The labels “ethnocentric” and “elitist,” used by Professor Barraclough to describe Elias’s orientation, are as misleading as they are wrong. Such labels are fashionable today, and cater to popular sentiments, but as applied here they evade the question whether the processes of increasing interdependence actually follow the pattern outlined by Elias. Is it really nothing but an expression of ethnocentrism and elitism to note that styles of clothing or techniques first developed by European upper and middle classes are now spreading all over the world? Is not the ubiquitous resistance against “Westernization” evidence of its impelling impact?

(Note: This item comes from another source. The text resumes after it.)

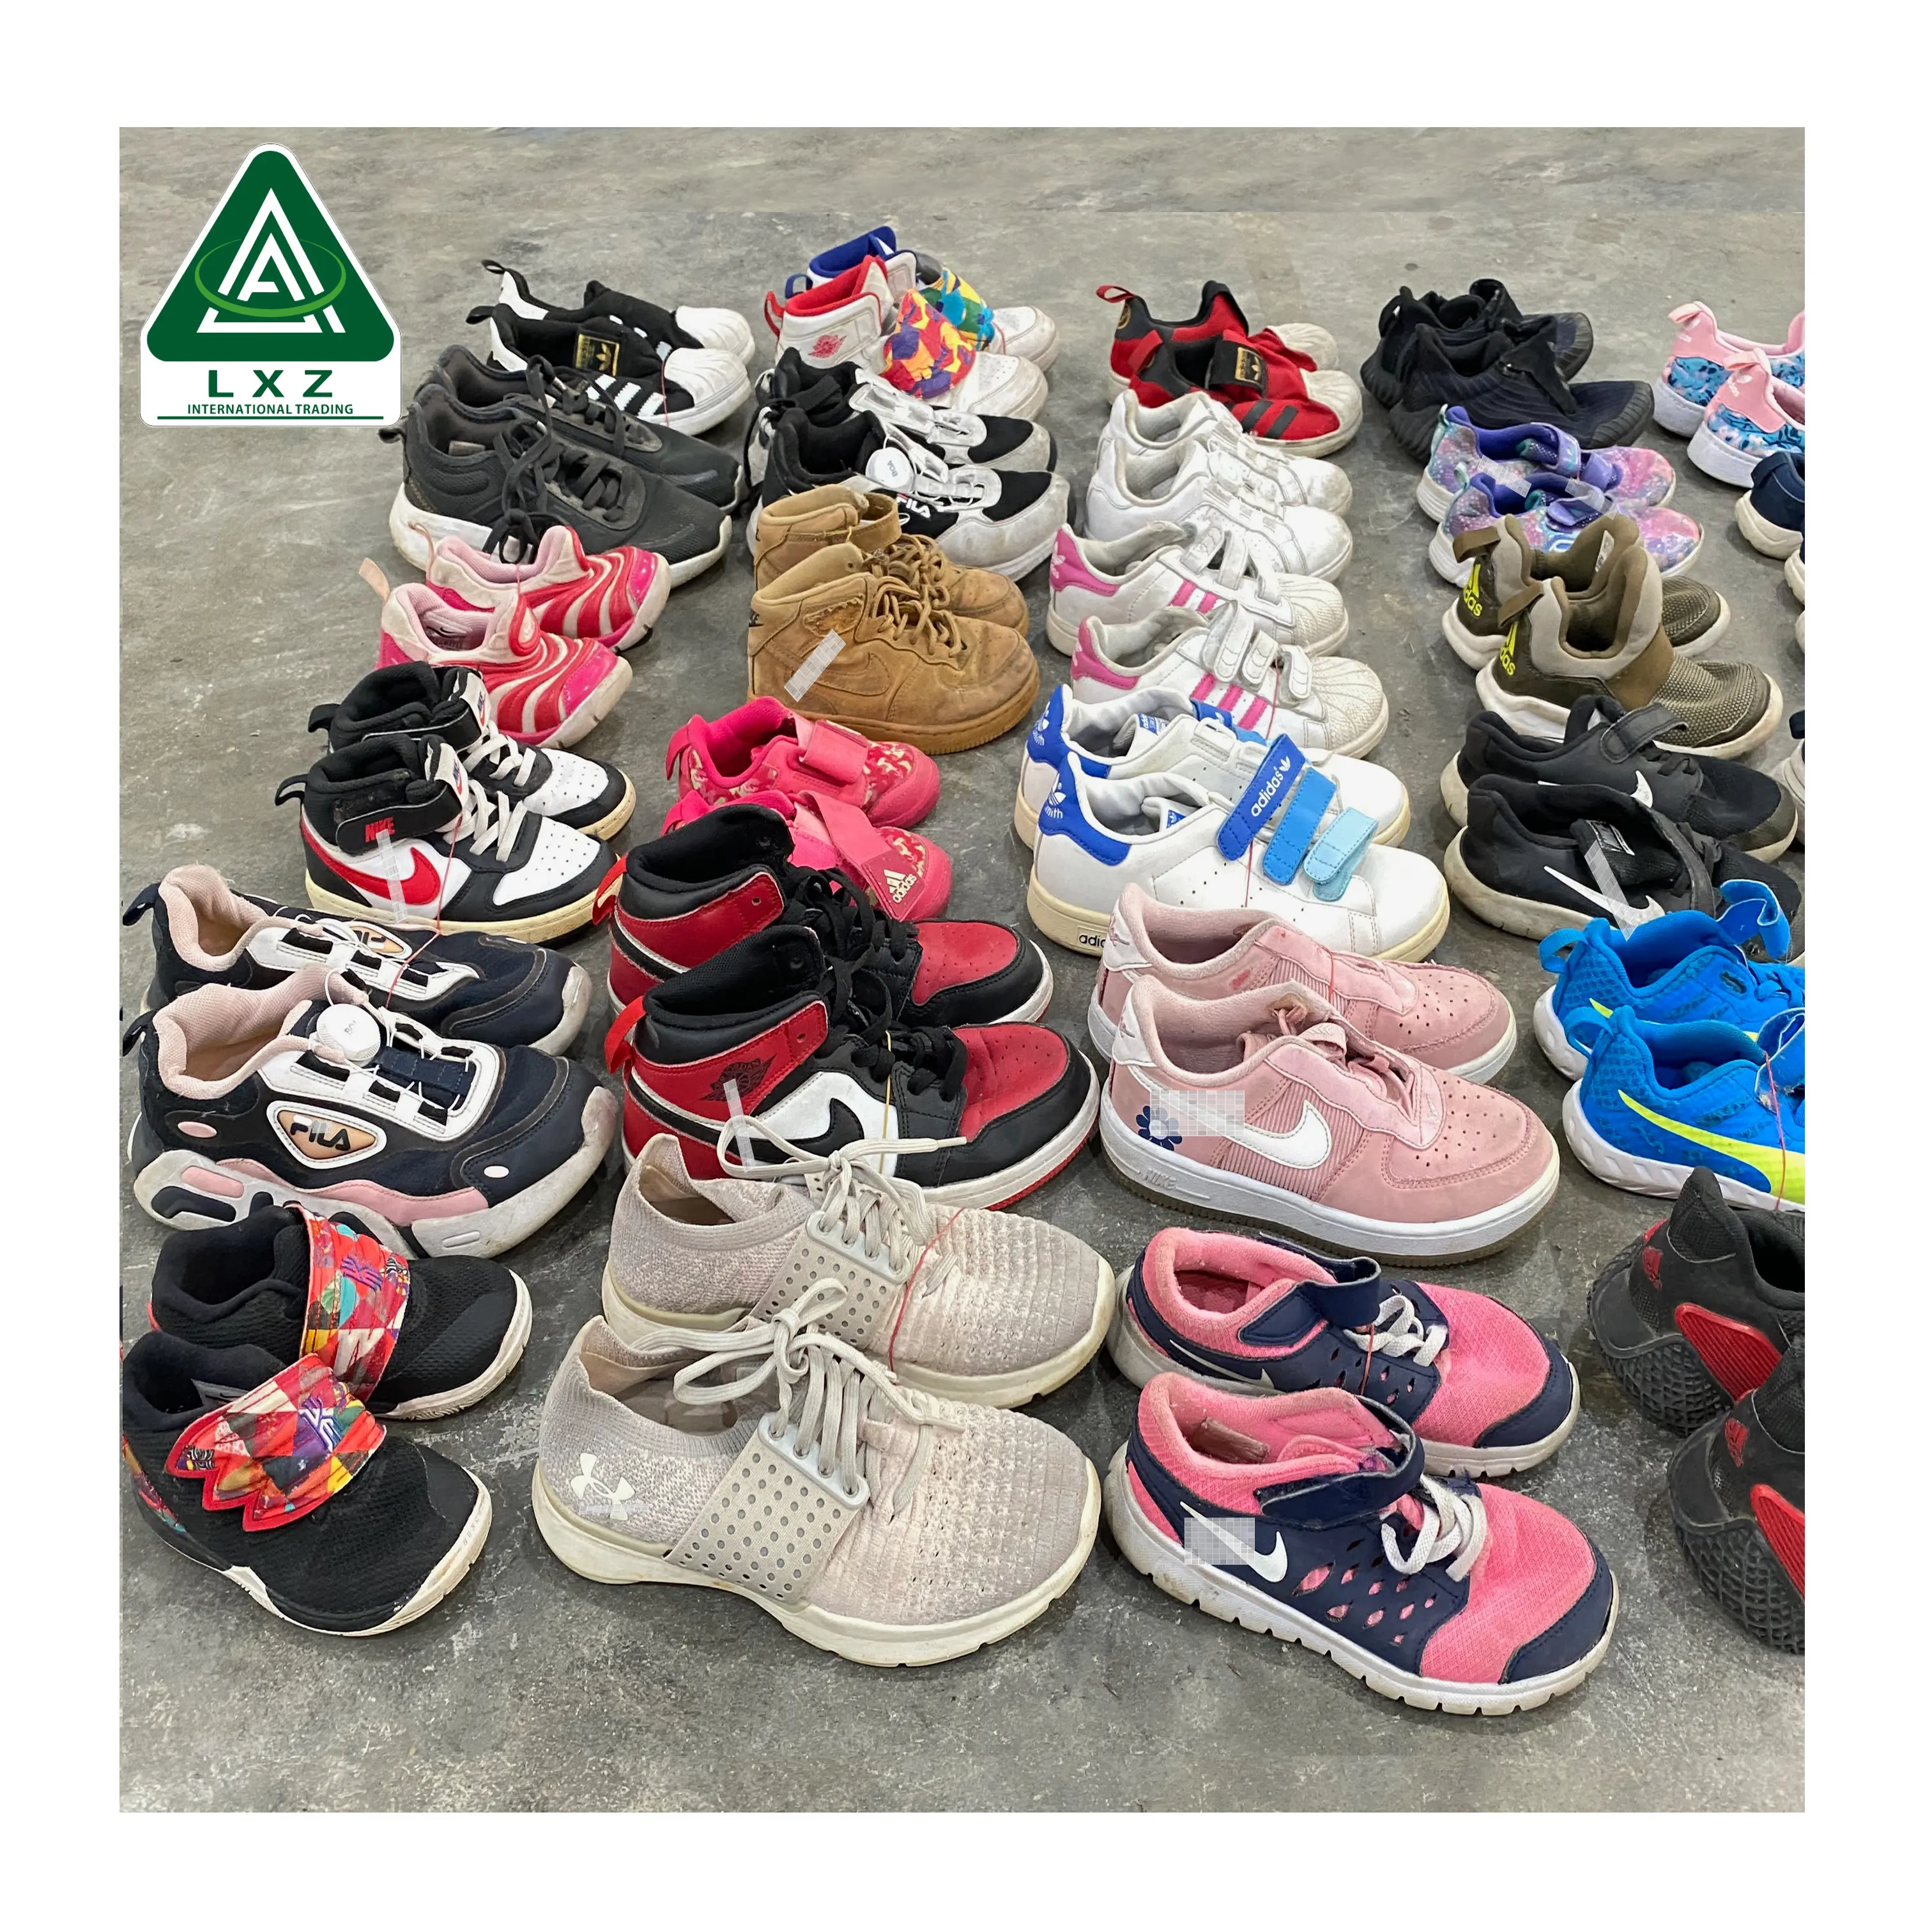 Yüksek kaliteli kullanılan ayakkabı uluslararası marka çocuk ayakkabı toptan satış için çocuk

Perhaps because of his professional bias as a historian, Professor Barraclough has no eye nor any use for the sociological implications of The Civilizing Process. It is surely significant that the only writer within whose tradition he places Elias is, rather erroneously, Ranke; he overlooks altogether that the names of Freud, Marx, and Max Weber would have been far more fitting. But even as a historian his judgment is debatable. Thus he mentions Marc Bloch’s Feudal Society as a book that would make some of Elias’s conclusions outdated. There is far more reason to observe, however, how remarkably these two chefs-d’oeuvre, which were published around the same time, converge in their view of the structure and dynamics of medieval society. They do not contradict but supplement each other.
Johan Goudsblom
Universiteit van Amsterdam
Amsterdam, Netherlands
Geoffrey Barraclough replies:
I am not surprised that Professor Goudsblom is more impressed than I am by Elias’s book. As he was himself actively involved in its preparation, it might almost be said that he is an interested party. But his suggestion that I misrepresented Elias is not correct. Professor Goudsblom seems to object strongly to my description of The Civilizing Process as “mechanistic.” But it is Elias, not I, who makes everything depend on the operation of a “monopoly mechanism” which “proceeds like clockwork.” Professor Goudsblom is right, of course, in saying that “what is at issue is a general transformation of society.” My contention was—and is—that Elias’s account of this process is both too narrow and too rigid. His “monopoly mechanism,” invoked ad nauseam, is like Toynbee’s “challenge and response,” a truism which explains too much or too little. Nor, I fear, does Elias’s sociological and psychological theorizing, for which Professor Goudsblom says I have “no eye,” improve matters. In fact, I turned a blind eye to it. Psychological musings which discovered “how deeply the stratification, the pressures and tensions of our own time penetrate the structure of the individual personality” (p. 331), and sociological musings which arrive at the conclusion that “the continuous intertwining of human activities again and again acts as a lever which over the centuries produces changes in human conduct” (ibid.), seemed to me to reach a level of banality which it was kinder to pass over in silence. But perhaps I was wrong about that, and Professor Goudsblom is right.